> _What you have to do_
Output the listing exactly as written, apart from its pictures.

> _Data excerpt_
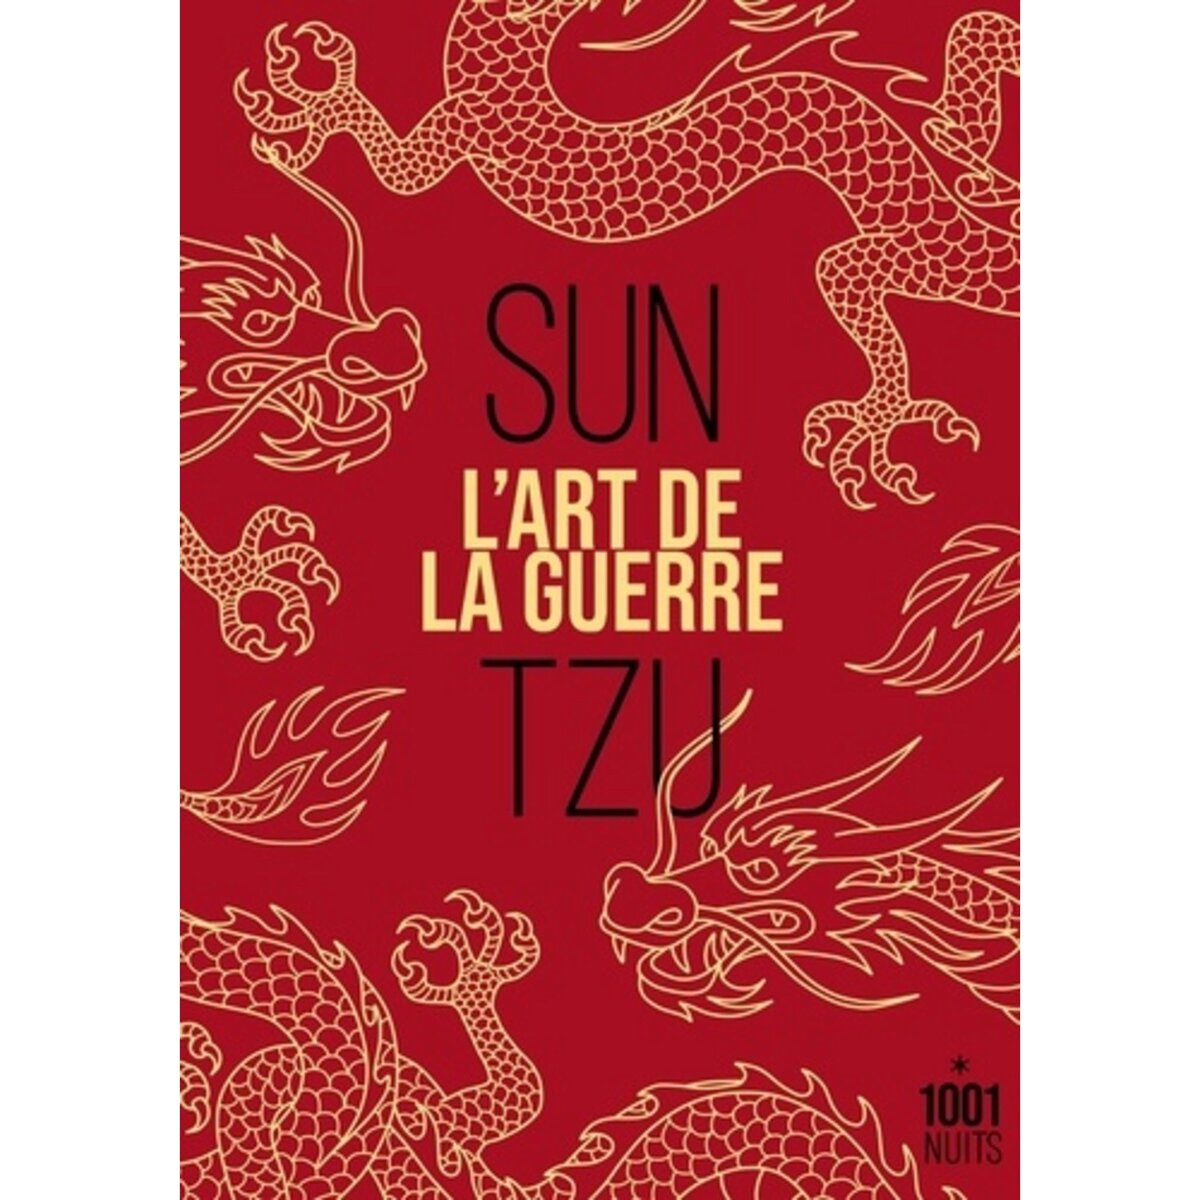  L'ART DE LA GUERRE, Sun Tzu
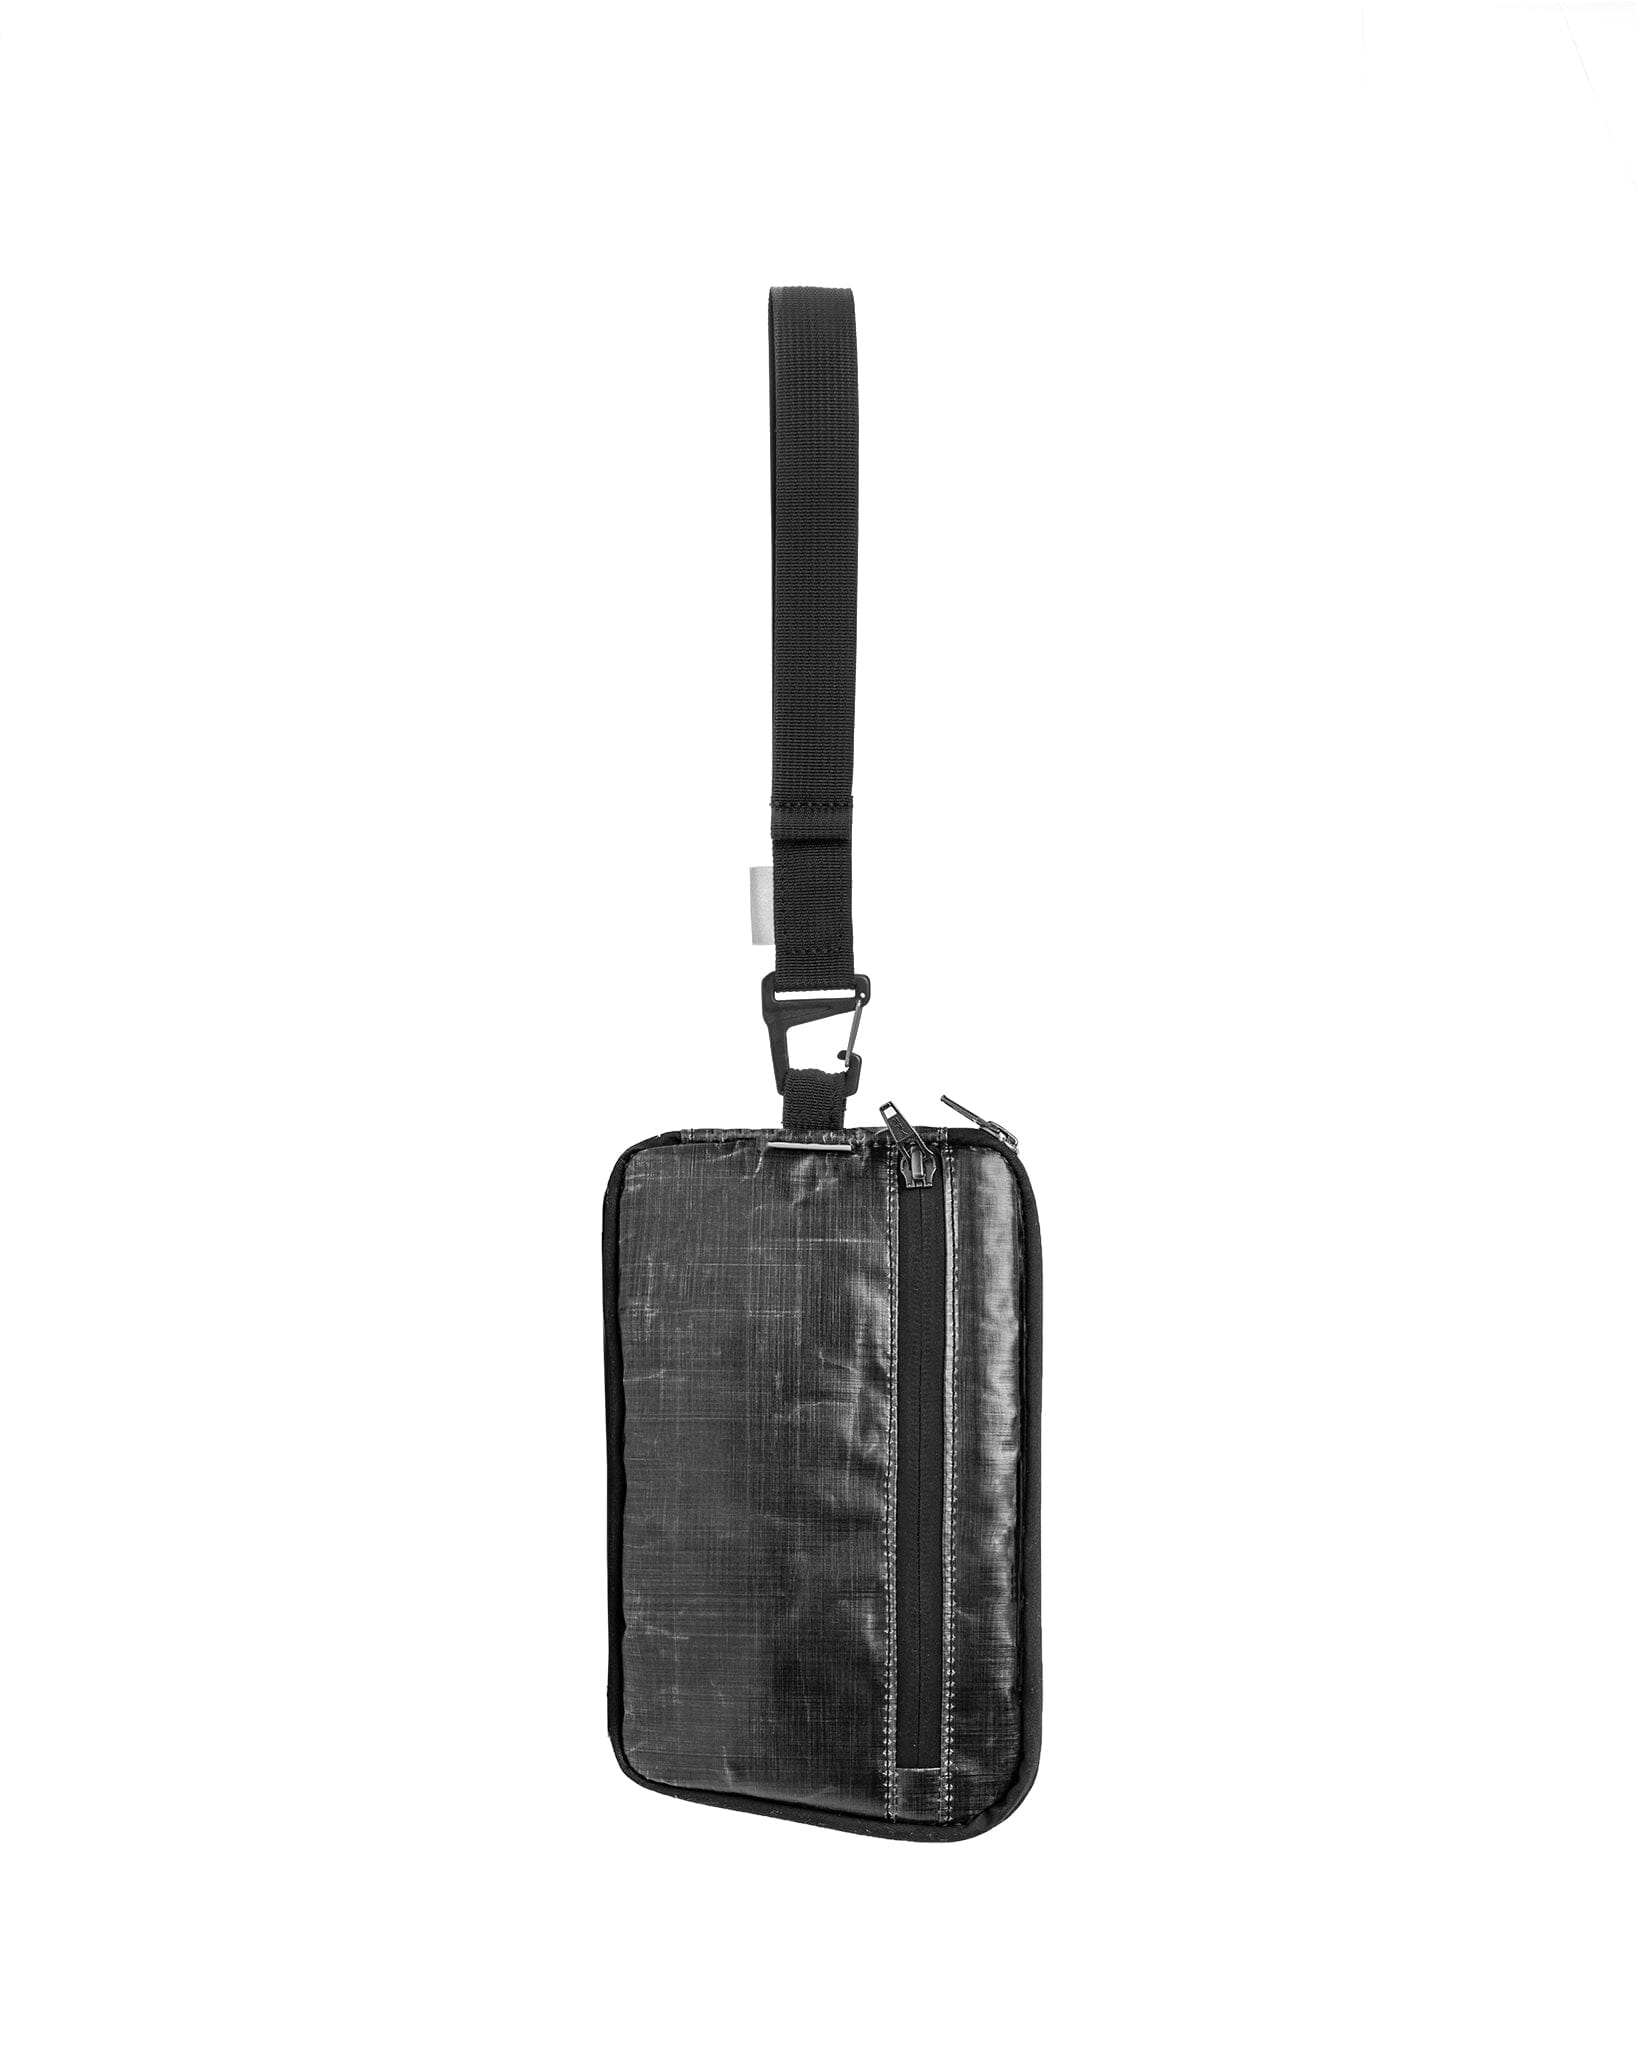 AUX™ Pocket - Black Dyneema Bag bolstr Black Clutch 
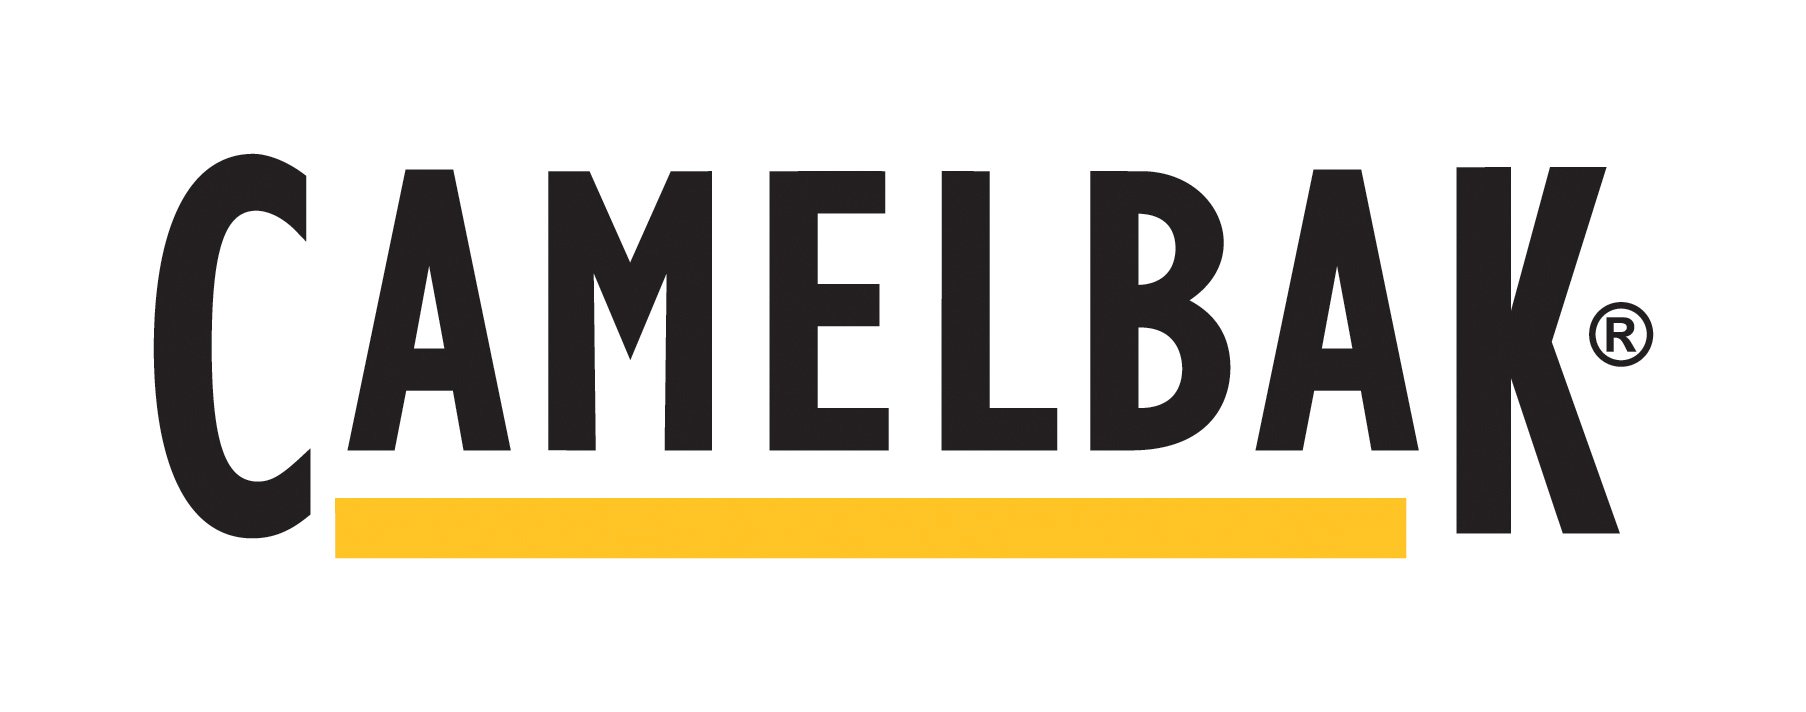 camelbak-logo.jpeg

> _Response to this task_
  L'ART DE LA GUERRE, Sun Tzu
 AUX™ Pocket - Black Dyneema Bag bolstr Black Clutch 
 camelbak-logo.jpeg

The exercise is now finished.